GERMAIN MOREL MAÎTRE DE FORGES

Conférence du 7 avril 2015 par Gérard Mathern


L'usine Morel - ou ce qu'il en reste, en 1920 avant sa démolition.


Troisième enfant de la fratrie Morel, Jean Pierre Germain est né le 26 novembre 1902 à Saint-Chamond, fils d’Antoine Morel, négociant. Il a onze ans en 1831 et il semble que ce soit à cet âge qu’il entre dans l’usine de son père comme, on l’imagine, apprenti forgeur.
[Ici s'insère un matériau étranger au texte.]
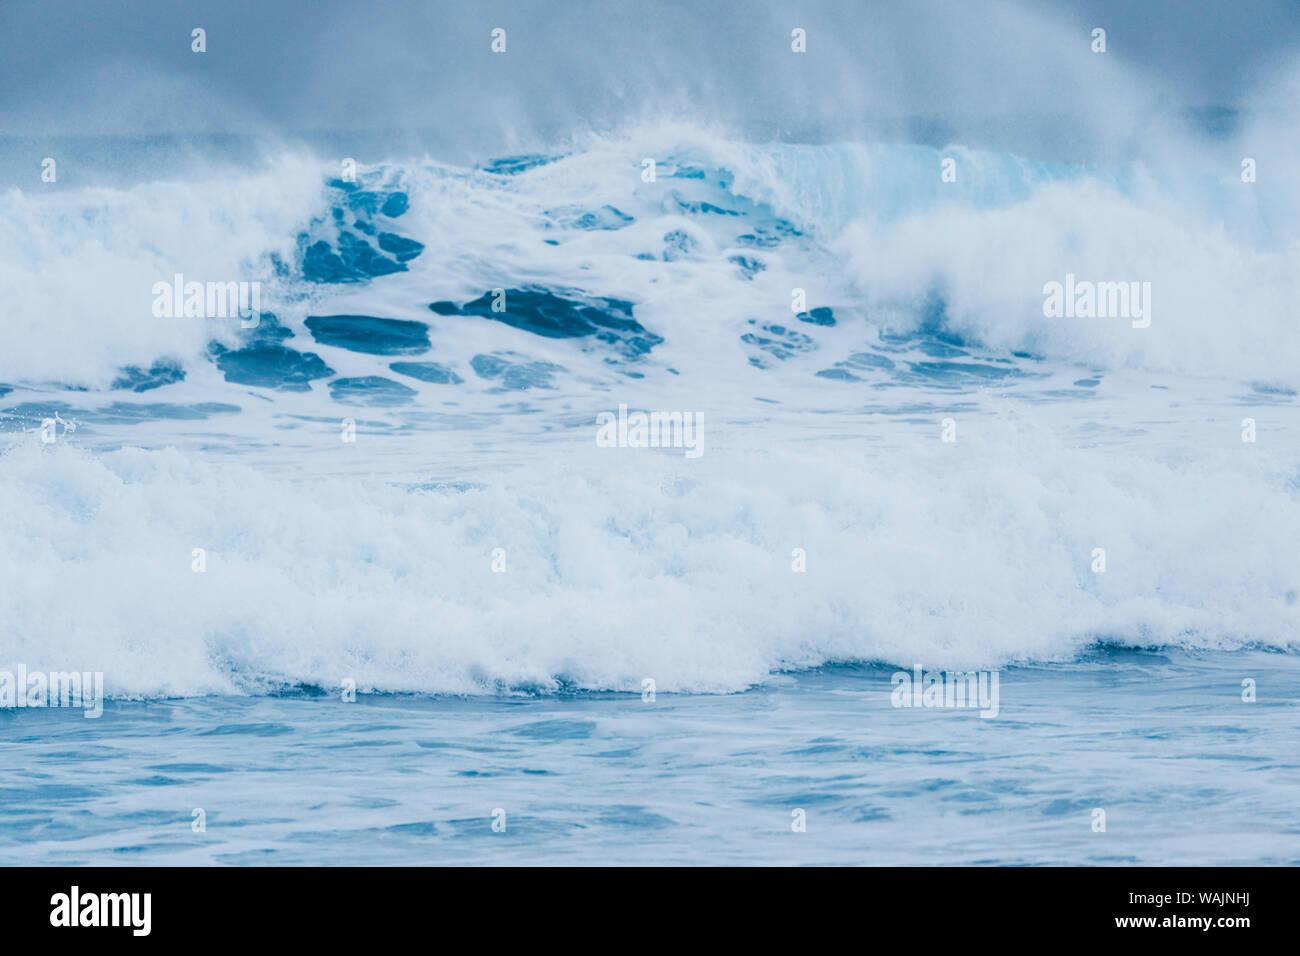 Norway, Lofoten Islands, Vestvag Island, Unstad. Waves along the coast near Unstad are popular for surfers even in winter. Stock Photo

Le jeune homme avait quelques qualités de pugnacité et de ressources intellectuelles car il prépara seul, vers 18 ans, le concours d’entrée à l’Ecole de Mines de Saint-Etienne. On peut, ici, penser que les conditions familiales avaient pu aider le jeune garçon car nous savons, à la lecture des possessions futures des Morel, que son frère Louis était « ingénieur civil », et qu’il avait pu, fort de ses neuf années d’aînesse, aider son cadet à franchir les étapes de l’enseignement des matières de base. Il fut admis au titre d’élève titulaire le 3 octobre de cette même année. Mais on a la surprise de découvrir, sur  le registre des résultats du concours final, qu’il n’apparaît pas classé mais seulement dans la catégorie des « non brevetés ». Lors d’une écriture de 1854, il sera noté « directeur de forge à St Chamond » et jamais on ne retrouvera trace d’une quelconque qualification « d’ingénieur des mines » accrochée à son nom.

Il revient donc au sein de l’entreprise familiale non diplômé, mais fort de l’enseignement suivi. Il prend naturellement quelques responsabilités. Il semble qu’il ne soit pas directement associé à la direction de l’affaire familiale. Il ne le sera que plus tard lors d’une vente de parts en 1845. Pendant ce temps, la forge se développe. Antoine Morel se rend rapidement compte que la demande en fers de bonne qualité est très forte et que l’usine doit, pour accroître sa production, se développer. Il faut donc investir. Hélas, le patrimoine familial ne permet pas d’assurer de telles dépenses. Il faut donc trouver des partenaires. Ce sera chose faite dès 1844, en 1845 et enfin en 1847 avec les Maîtres de Forges ripagériens Hippolyte Petin et Jean-Marie Gaudet.

Germain Morel avait eu l’intuition de l’invention des bandages de roues de chemins de fer sans soudure, révolutionnaires pour l’époque. L’entreprise Morel et Compagnie engrange les succès, et devient ensuite la Compagnie Petin, Gaudet,  et Morel et fils en 1851.

Mais dés 1852, la discorde s’installe entre les associés et aboutit à une séparation actée le 22 mars 1852. De nombreuses difficultés étaient survenues, et en particulier un brevet concernant les bandages de roues déposé aux seuls noms de Petin et Gaudet qui aurait pu être à l’origine de dissensions importantes.

La séparation est douloureuse et une nouvelle usine est projetée au Chatelard, non loin des premiers ateliers, par Antoine et Germain Morel. Pendant la construction, les usines Petin et Gaudet poursuivent l’exploitation et captent les clients. A l’ouverture du nouvel établissement, le marché n’existe plus et l’affaire doit être vendue. Germain acquiesce à condition que cela ne soit pas à Petin et Gaudet. Une vente  est donc passée avec deux négociants stéphanois le 16 juillet 1853. Le lendemain, les deux acheteurs déclarent avoir agi en qualité de prête-noms pour messieurs Petin et Gaudet.

Germain Morel sombre dans une véritable dépression. Il quitte, comme le voulaient les dispositions de l’acte de vente, les ateliers le 1er septembre 1853 et on le retrouve au matin du 2 septembre, mort sur le pavé de sa rue, au bas de son appartement au pré-château.

 

Le Conseil Municipal de St Chamond, lors de sa séance du 30 janvier 1871 décida de donner son nom à une place de la ville, et en 1889, son nom également au prolongement de la rue Notre-Dame, reconnaissant ainsi la valeur et l’importance de  ce personnage dans la fondation de l’industrie lourde dans la cité.